The firm said the amount “does not include the benefit of any potential income subsequently received for recoveries from third parties” and Morgan added it was still mulling whether to try and recoup the money. “It’s early days and very difficult to know how this is going to pan out. This will take a long time. [The provision is] mostly with our urban regeneration business where other contractors did the work. Any other exceptional will be as profit.”
The firm’s fit-out business continues to boom with the company upgrading what it expects to make this year because of ongoing demand.
“There’s some big lease renewals, clients are changing space to make it more attractive and there’s a lot of work in energy efficiency,” Morgan said.
Along with ISG, its Overbury fit-out arm is due to return its bid for a £150m-plus deal to carry out work at the new Google headquarters building in King’s Cross any day now with the firm also set to start work later this year on a huge overhaul of Citi’s Canary Wharf headquarters in a deal which could end up being the firm’s biggest ever.
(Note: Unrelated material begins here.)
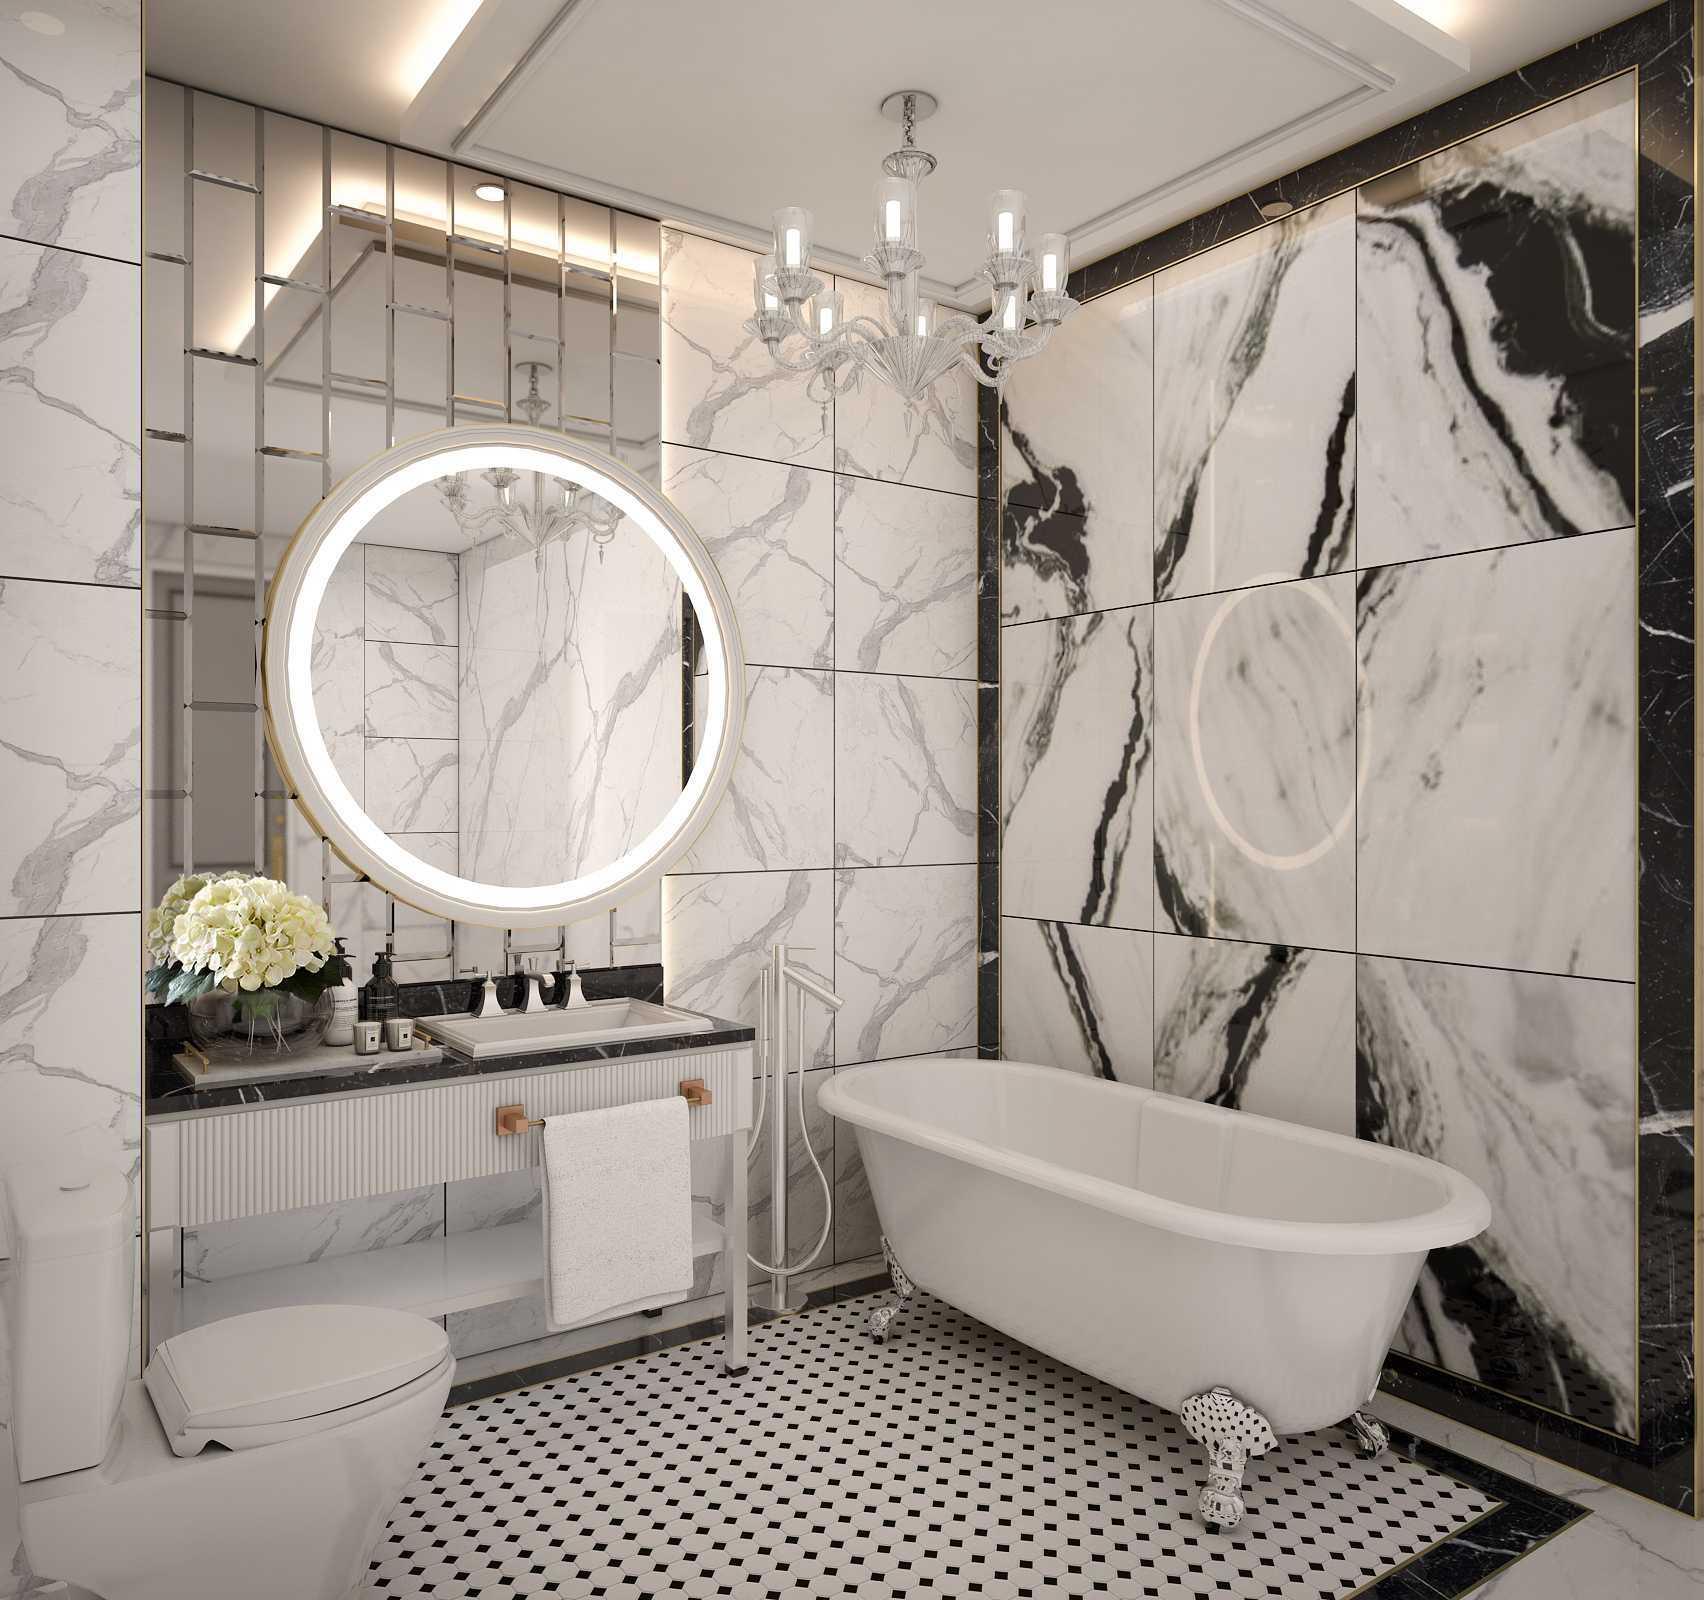 Mimic Concept Mrs. V - Bedroom Bandung, Kota Bandung, Jawa Barat, Indonesia Bandung, Kota Bandung, Jawa Barat, Indonesia Master Bathroom 1 Classic 88221
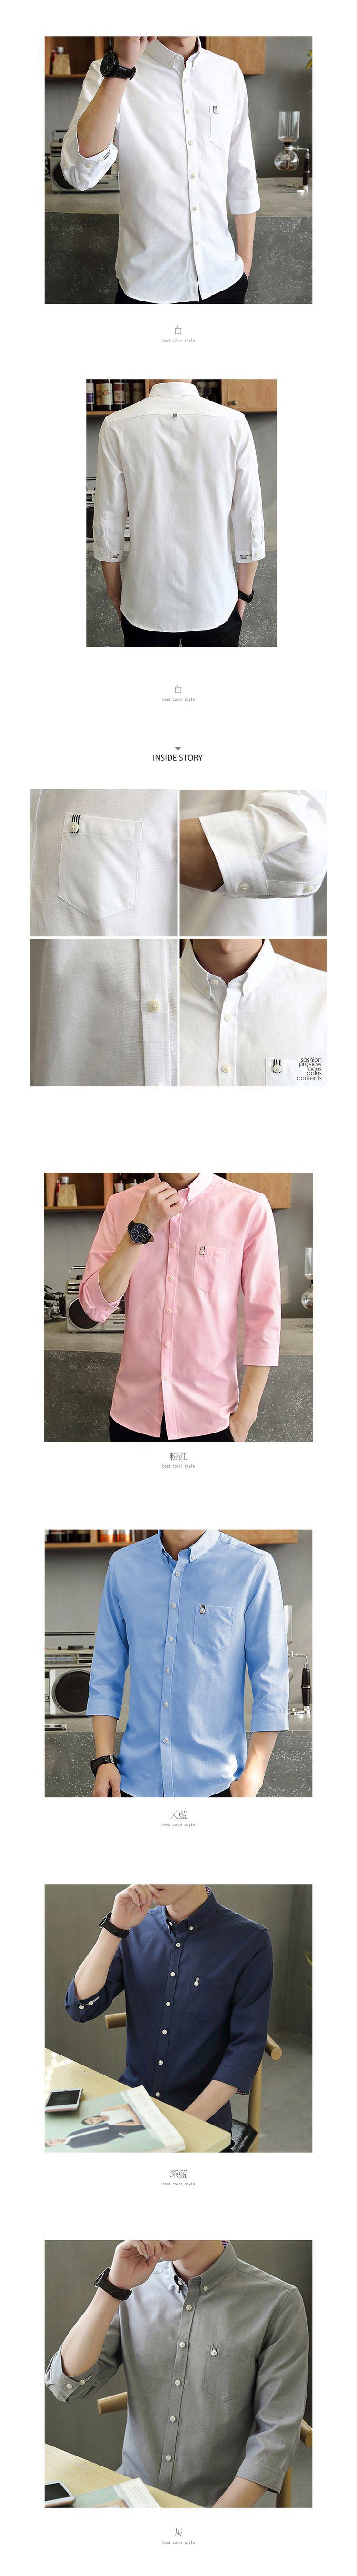 職場必備單品.條紋織帶七分袖襯衫

The job for the US investment bank has been given an official value of £100m but it is understood work on the 42-storey office tower at 25 Canada Square, completed in 2001, could be as much as four times that number.
But Morgan said most of its fit-out work is between £3m and £4m, adding: “We have lots and lots of smaller jobs for key clients. That’s the backbone of the business.” Revenue at fit-out was up 22% to £968m on operating profit up 18% to £52m.
The firm’s biggest business remains construction and infrastructure where revenue was up 3% to £1.6bn although operating profit was down 10% to £52m.
Margins at the business slipped to 3.3% but Morgan said it was still in track for a £2bn turnover business with operating margins at construction between 2.5% and 3% and between 3.5% and 4% at infrastructure. And he added: “Inflation is definitely moderating, particularly in labour, and materials are more available now.”
The firm’s order book was off 2% at £8.5bn while average daily net cash for the year was £256m, down from £291m last time.